Kotchawan Chomchuen

Personal information
- Nationality: Thai
- Born: 4 September 2000 (age 25) Chiang Mai, Thailand
- Height: 164 cm (5 ft 5 in)
- Weight: 53 kg (117 lb)

Sport
- Country: Thailand
- Sport: Taekwondo
- Event: poomsae

Medal record
Representing Thailand
Women's poomsae
Asian Games
| Gold medal – first place | 2018 Jakarta-Palembang | women's team |
Poomsae World Championship
| Gold medal – first place | 2016 Lima | women's team |

= Kotchawan Chomchuen =

Thai taekwondo practitioner

Kotchawan Chomchuen (born 4 September 2000) is a Thai taekwondo practitioner.
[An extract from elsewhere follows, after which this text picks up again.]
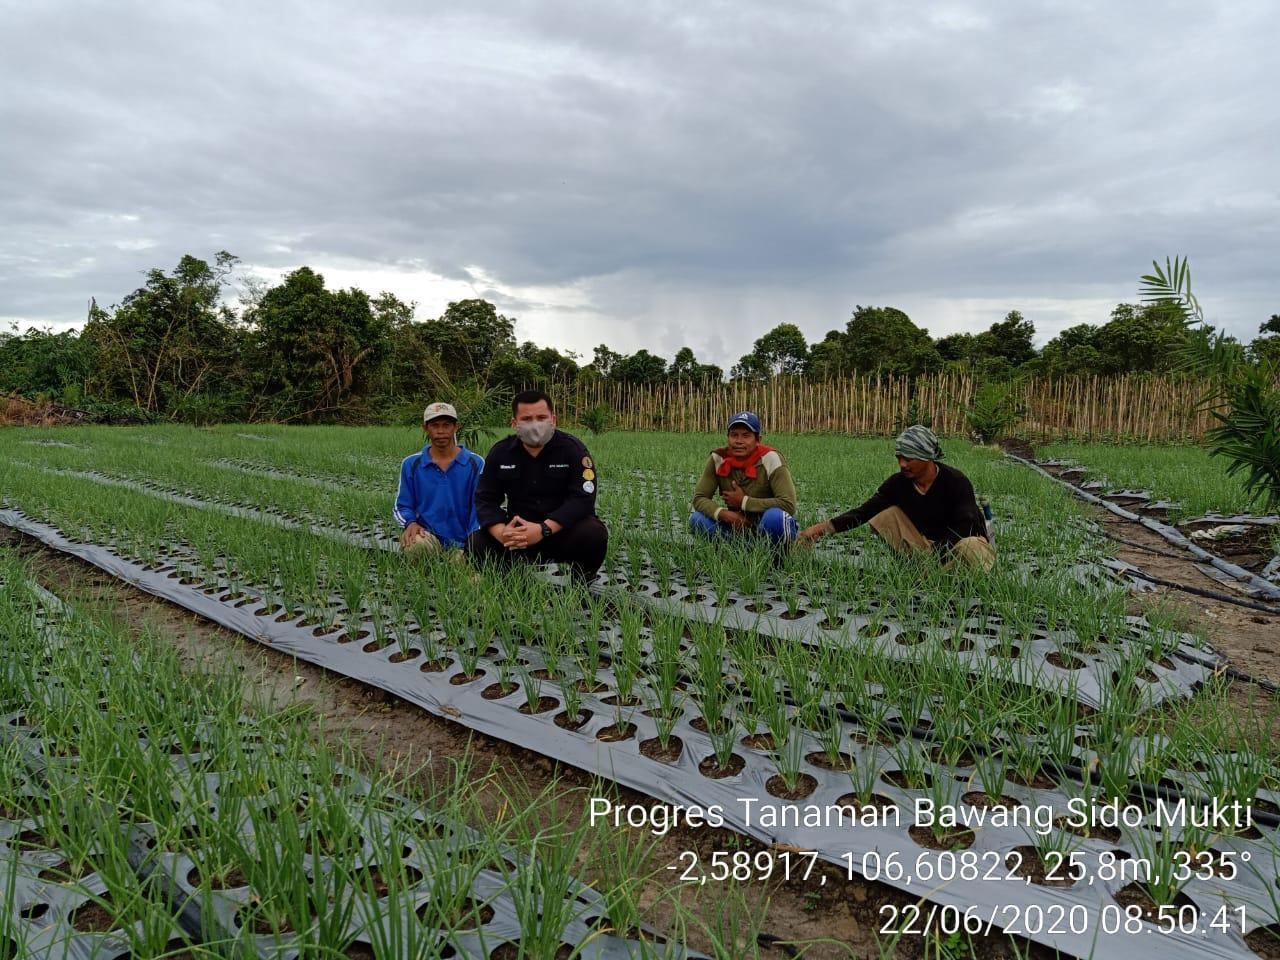 Wujudkan Sentra Holtikultura di Bateng, Pemdes Lubuk Pabrik dan Penyuluh Fokus Pembinaan Poktan

She represented Thailand at the 2018 Asian Games and clinched gold medal in the women's team poomsae event along with fellow taekwondo practitioners Phenkanya Phaisankiattikun and Ornawee Srisahakit defeating favourites South Korea in the final.

In 2016, she jointly with Phenkanya Phaisankiattikun and Ornawee Srisahakit claimed the Poomsae World Championship title in the women's team category for Thailand, which also historically became the first ever Poomsae World Championship title victory for Thailand.